The original value was for the [16384./65535., 49151/65535.] interval data, but the new ones are for [0, 1] interval data (with automatic adaptation if required). That's why the new values are double the original value.I try my best. If you need anything else, please ask away. Minor modifications of old shaders are easy. Only brand new effects can take a while.

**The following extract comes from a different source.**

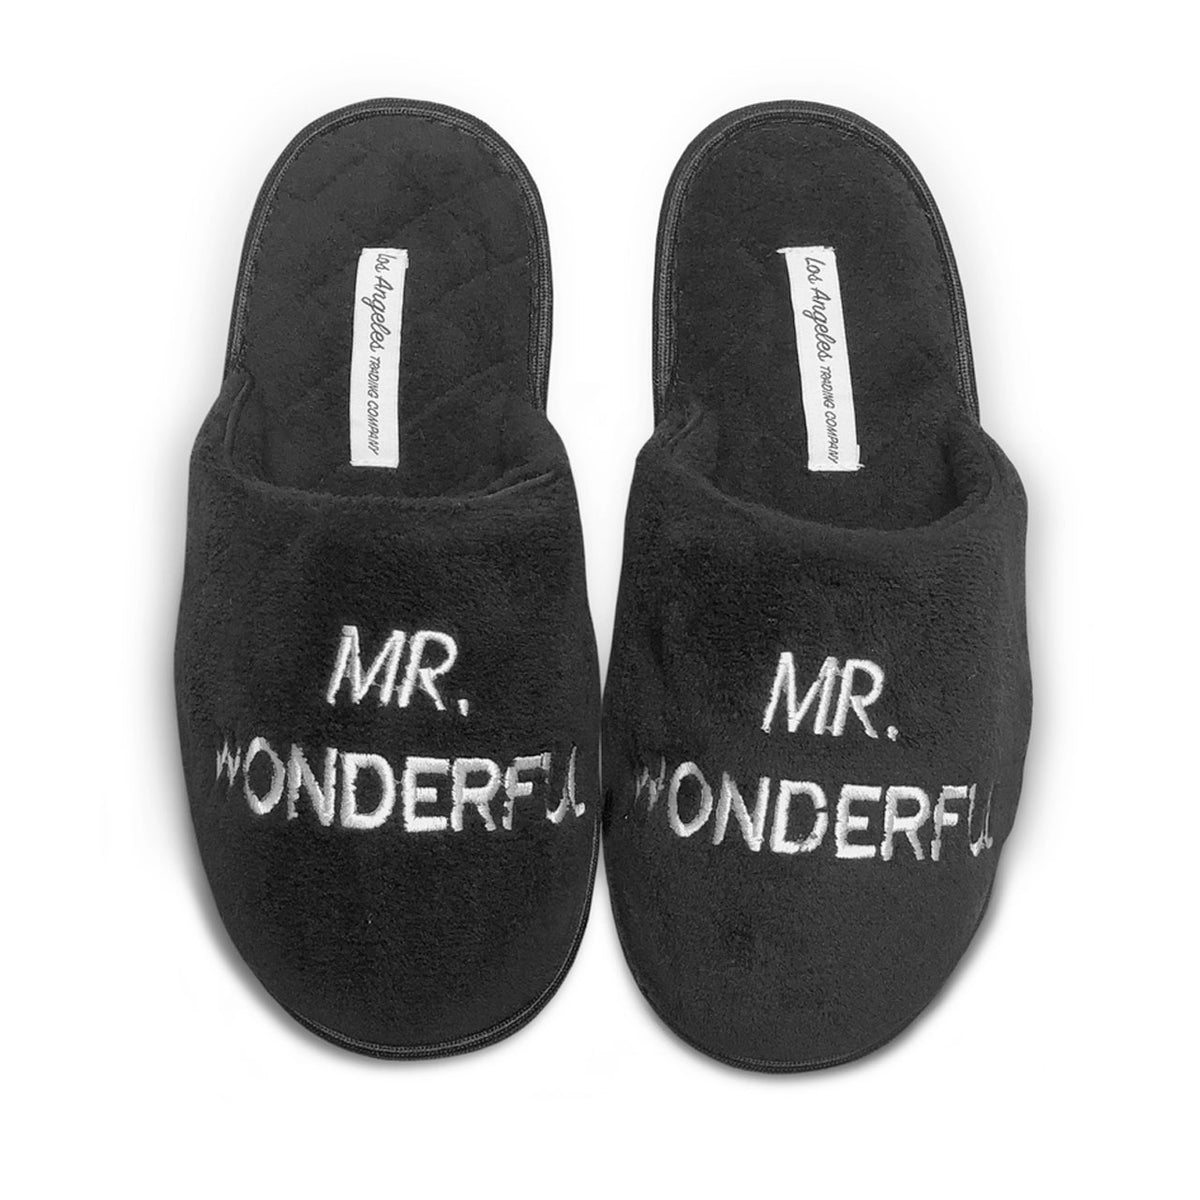 Mr. Wonderful Slippers - RSVP Style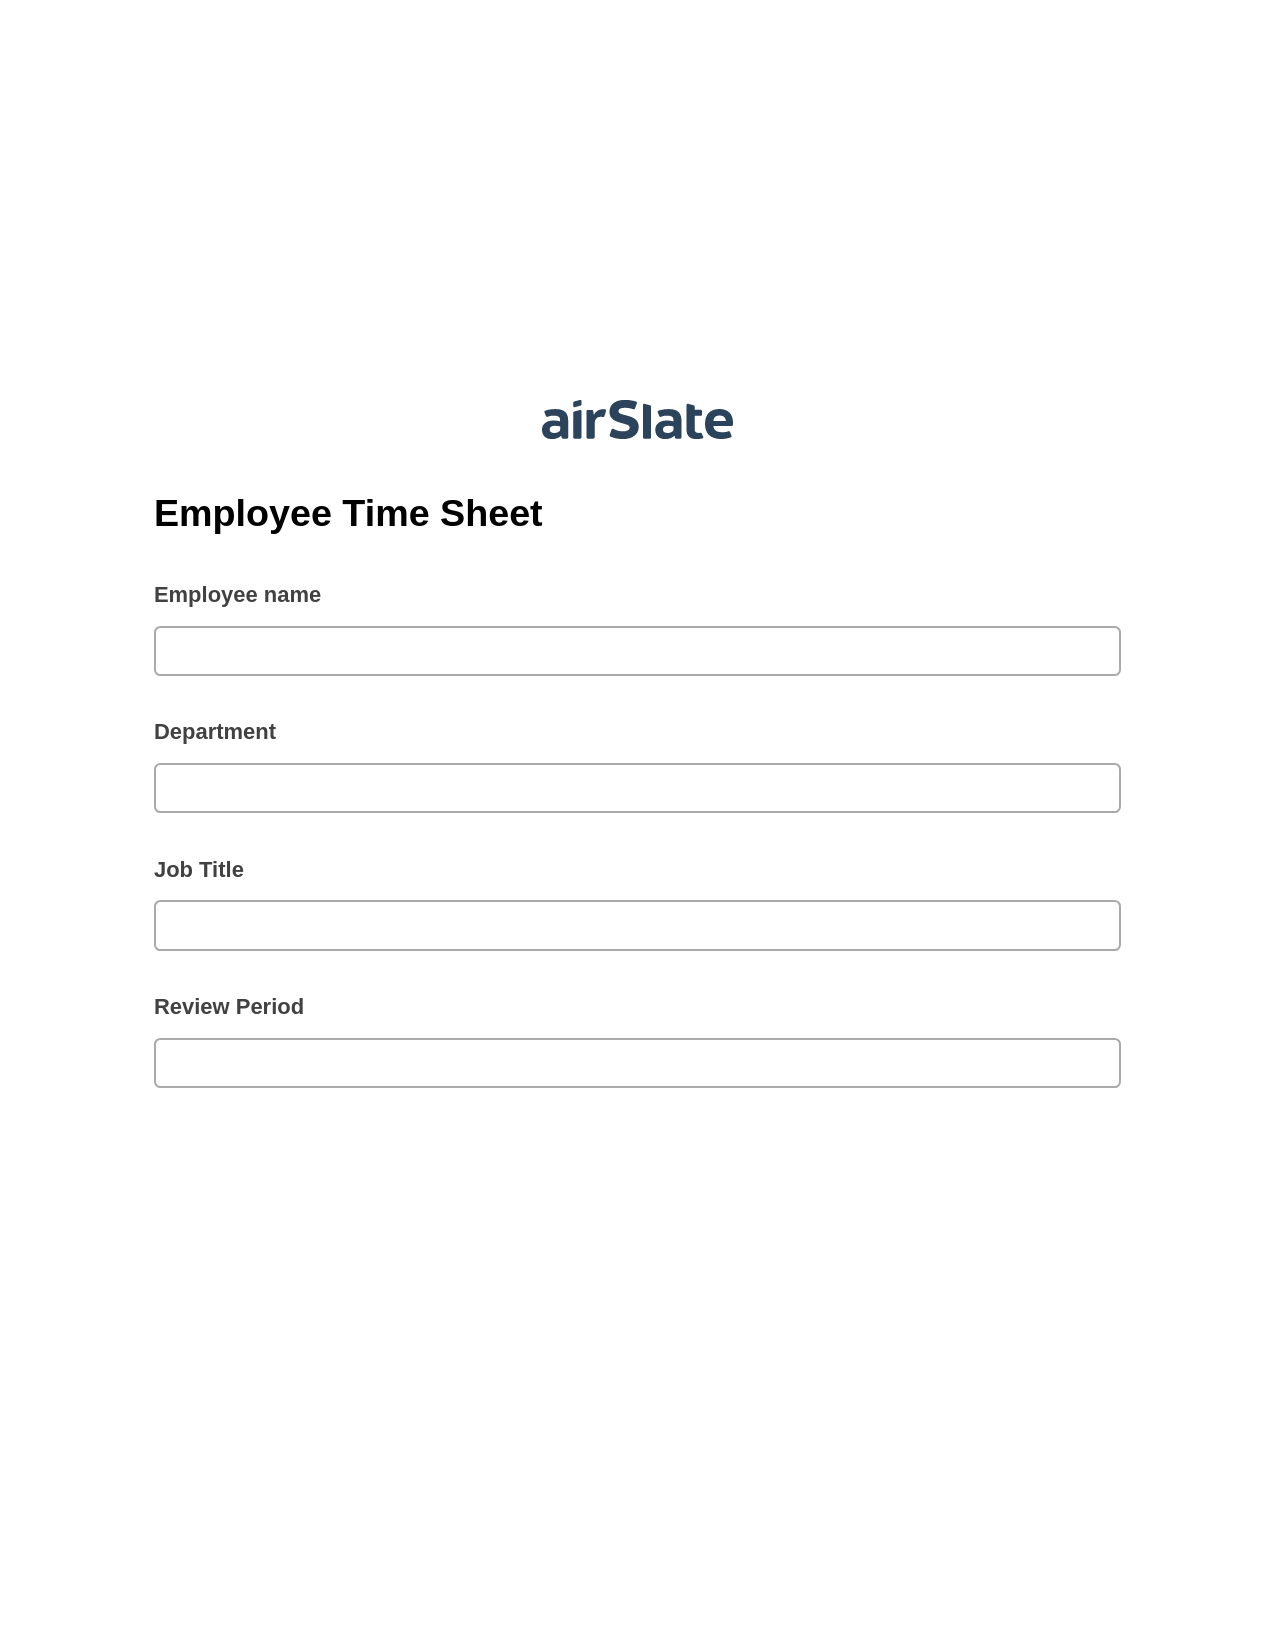 Multirole Employee Time Sheet Pre-fill from Litmos bot, Create slate addon, Export to NetSuite Bot

I was just curious as to why. There wasn't any motive behind wanting to know except for curiosity :) .

JanWillem32
16th February 2015, 16:35
http://www.mediafire.com/download/m7td27lofk6dyi1/YCbCr-type_sharpen_complex_test_3.7z
Just a reminder; these are renderer-specific shaders for the quality mode. This package includes the three shaders listed above for "sharpen complex, deband and denoise for LMS rendering" and also all current chroma up-sampling shaders.
The readme.txt file contains information about how to chain shaders for different renderer conditions.
The chroma up-sampling shaders are literally copies from the internal shaders. I didn't test them separately, so please inform me if anything is wrong with them.